[Top][All Lists]
[Date Prev][Date Next][Thread Prev][Thread Next][Date Index][Thread Index]
Re: FYI, new, rare failure on rawhide
From: |
Jim Meyering |
Subject: |
Re: FYI, new, rare failure on rawhide |
Date: |
Wed, 16 Nov 2011 22:24:42 +0100 |
Paul Eggert wrote:
> Possibly a bug in the file system or kernel?
> An earlier part of the code does this:
>
> /* lines 57 and 58 of test-utimens.h */
> ASSERT (func (BASE "file", ts) == 0);
> ASSERT (stat (BASE "file", &st1) == 0);
>
> and this relies on st_ctime being marked for update in the first
> line, and being actually updated before the second line takes effect.
> This is pretty easy to get wrong, and many file systems do get similar
> things wrong, particularly under high load. If my guess is right,
> it should be easy to verify by instrumenting those lines.
>
> There is a similar issue here:
>
> /* lines 98 and 99 (/
> ASSERT (func (BASE "file", ts) == 0);
> ASSERT (stat (BASE "file", &st2) == 0);
>
> Of course this is just a long-distance guess....
I think it comes down to either a bug, or
that somehow "nap()" is not sleeping long enough.
Details on how this file system is mounted:
(it's SSD-backed in a rawhide guest, 3.2.0-0.rc1.git4.1.fc17.x86_64)
$ grep vda4 /proc/mounts
/dev/vda4 / ext4 rw,seclabel,relatime,user_xattr,barrier=1,data=ordered 0 0
There seem to be at least three points at which I'm seeing failed assertions.
I caught this by changing the abort() in macros.h's ASSERT definition to
be sleep(9999999) and by running parallel "make check" jobs until one hung.
Then attached with gdb:
#2 0x0000000000403c28 in test_lutimens (func=0x401e10 <do_lutimens1>,
print=false) at test-lutimens.h:66
(gdb) l
61 }
62 ASSERT (stat (BASE "file", &st2) == 0);
63 ASSERT (st2.st_atime == Y2K);
64 ASSERT (st2.st_mtime == Y2K);
65 if (check_ctime)
66 ASSERT (st1.st_ctime < st2.st_ctime
67 || (st1.st_ctime == st2.st_ctime
68 && get_stat_ctime_ns (&st1) < get_stat_ctime_ns
(&st2)));
69
70 /* Play with symlink timestamps. */
(gdb) p st1.st_ctim
$1 = {
tv_sec = 1321473919,
tv_nsec = 914482118
}
(gdb) p st2.st_ctim
$2 = {
tv_sec = 1321473919,
tv_nsec = 914482118
}
Equal structs. Definitely indicates failure, somewhere.
======================================================================
Trying again, I hit a sleep on the 8th trial.
Note, it's in a different file and with different var names,
but the same condition: unchanged ctime. This time, I was using a
40-millisecond delay, just in case 20 was close but not enough.

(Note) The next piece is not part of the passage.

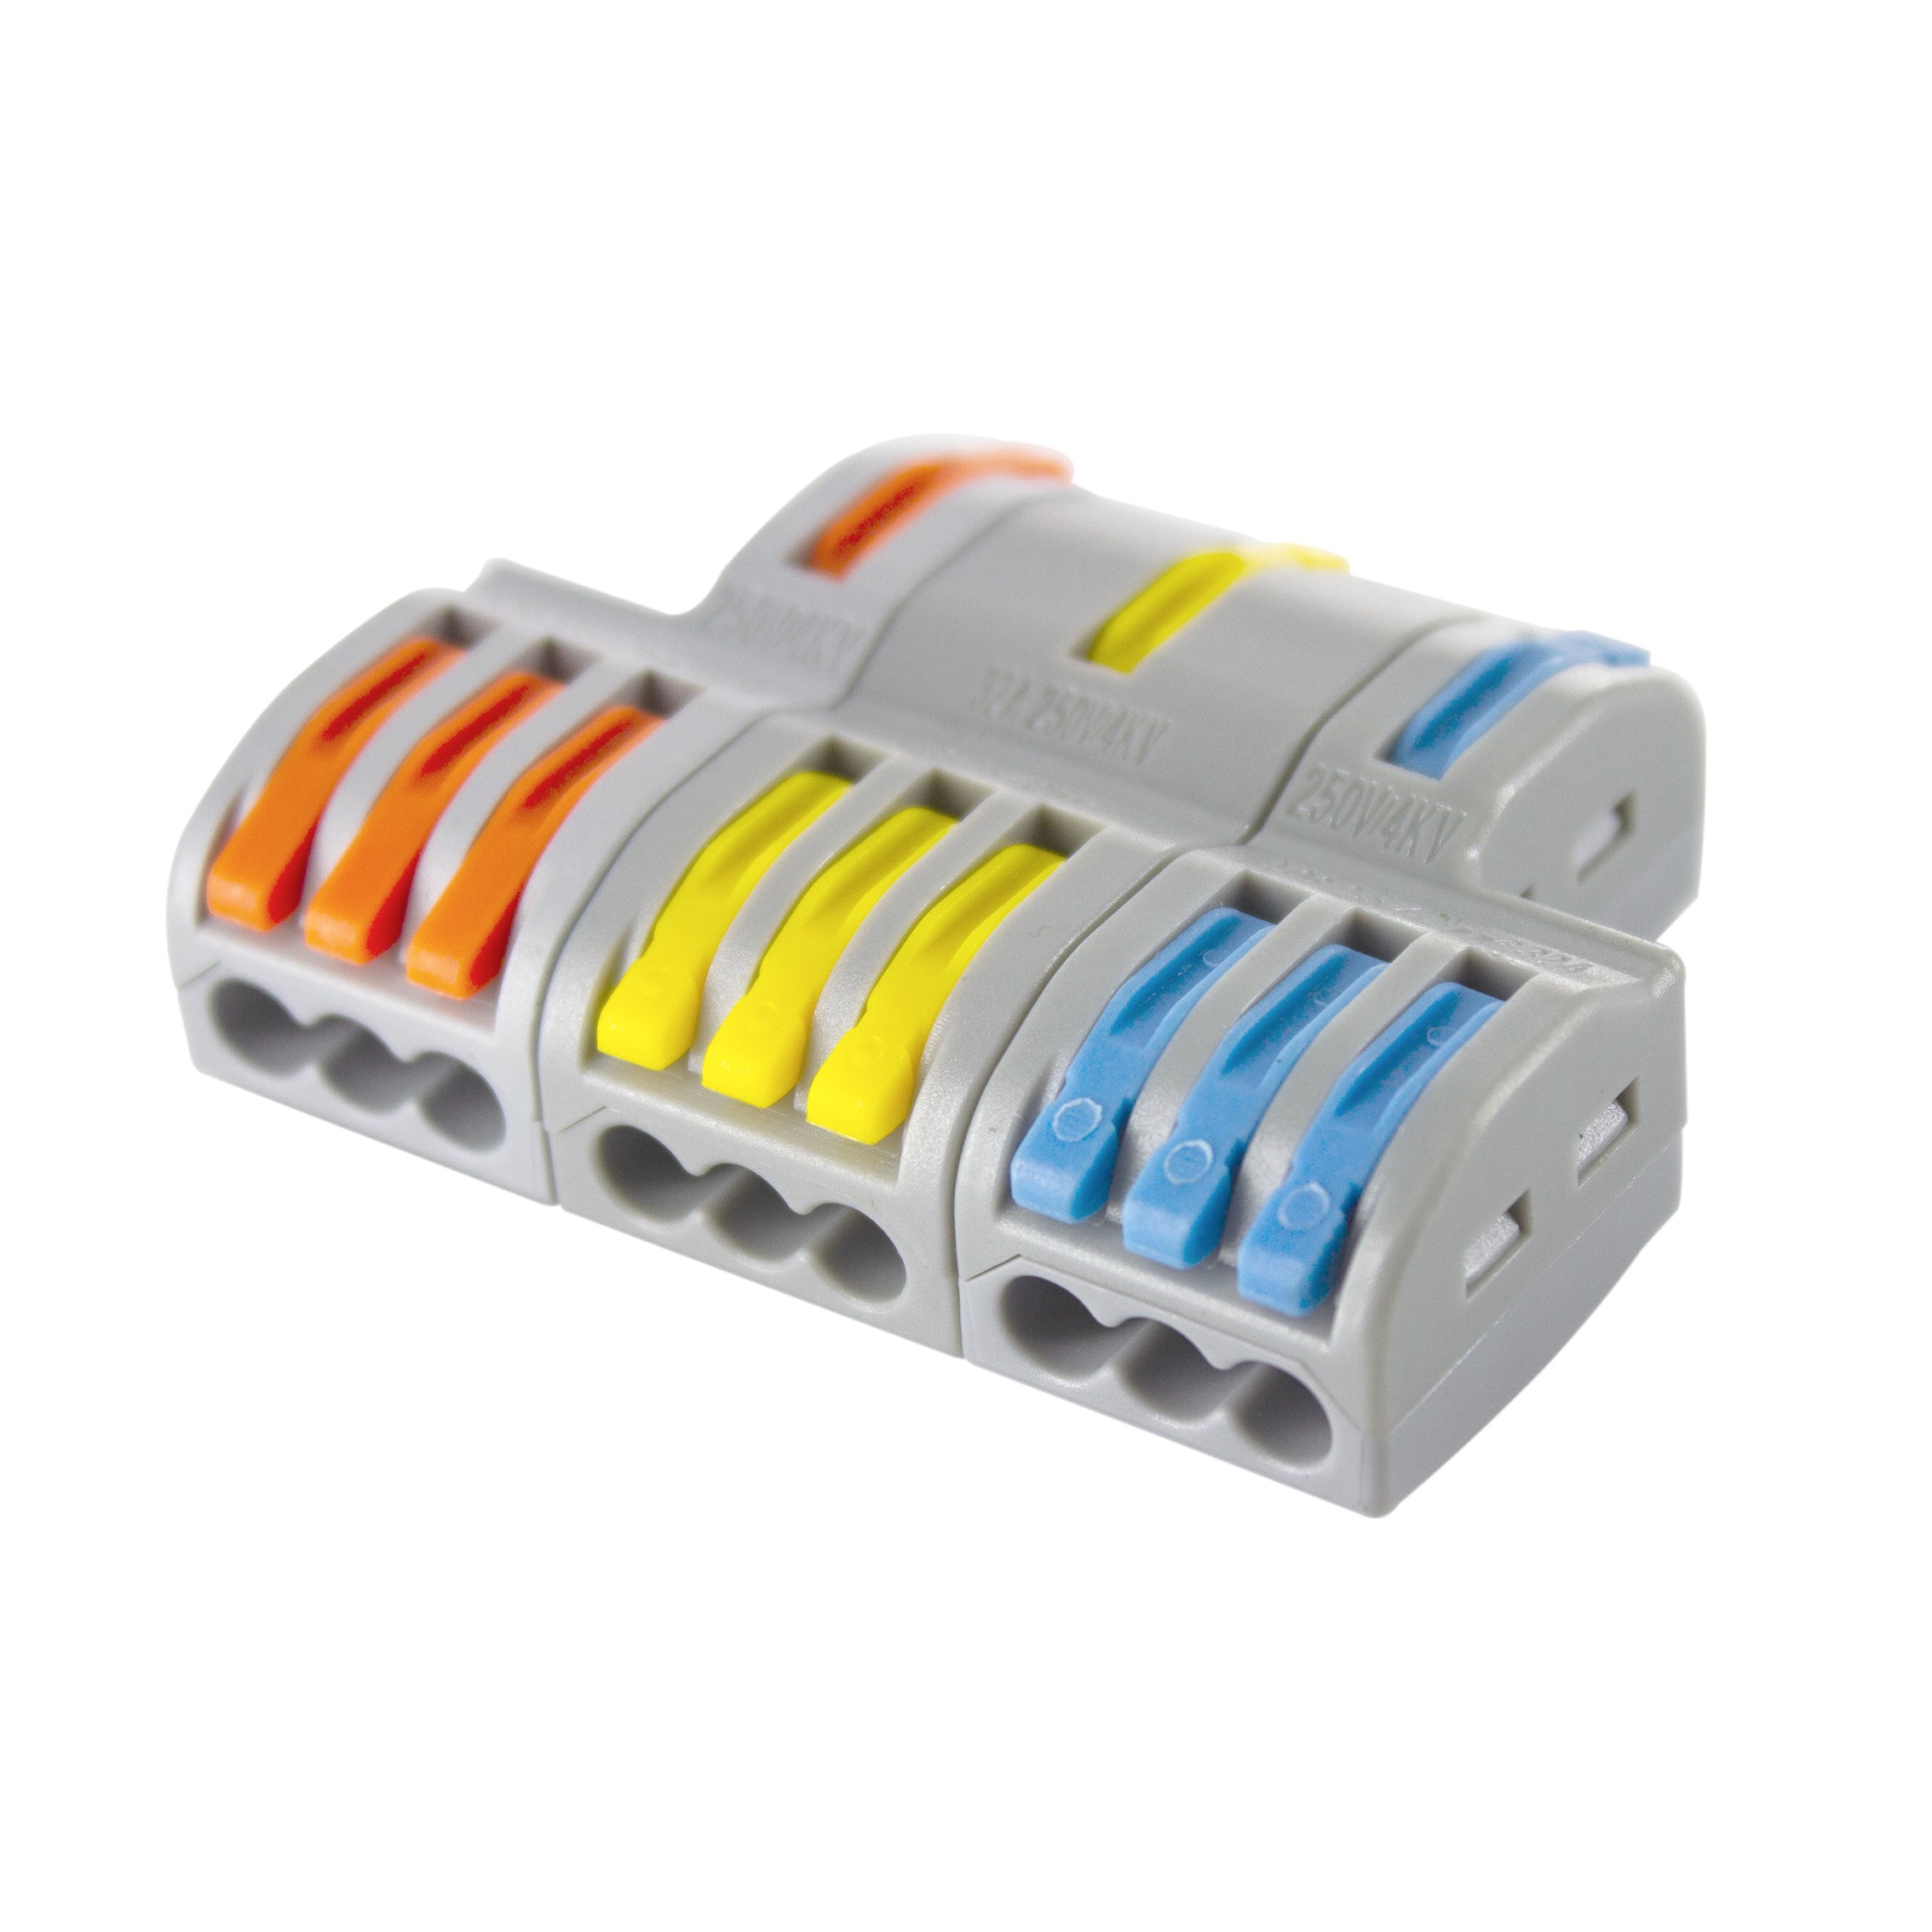 Le Connecteur Câble M25 IP68 3P cable 3x0,75mm2 à 3G3mm2, bornier rapide

#2 0x0000000000402ad3 in test_utimens (func=0x401e50 <do_utimens>, print=false)
at test-utimens.h:135
135 ASSERT (st2.st_ctime < st3.st_ctime
(gdb) p st2.st_ctim
$1 = {
tv_sec = 1321476466,
tv_nsec = 27092765
}
(gdb) p st3.st_ctim
$2 = {
tv_sec = 1321476466,
tv_nsec = 27092765
}
======================================================================
I did it one more time:
#2 0x0000000000405153 in test_futimens (print=<optimized out>,
func=0x402930 <do_futimens>) at test-futimens.h:148
148 ASSERT (st2.st_ctime < st3.st_ctime
(gdb) p st2.st_ctim
$1 = {
tv_sec = 1321478037,
tv_nsec = 577808187
}
(gdb) p st3.st_ctim
$2 = {
tv_sec = 1321478037,
tv_nsec = 577808187
}
Then examined the ctime of the actual file:
$ stat --fo=%.Z test-utimens.tfile
1321478037.577808187
Yes, it matches. This was also with the 40-millisecond delay.
This time it took 65 iterations.
Tomorrow I'll write a better test.
I suspect that "make check" is not exercising it thoroughly enough.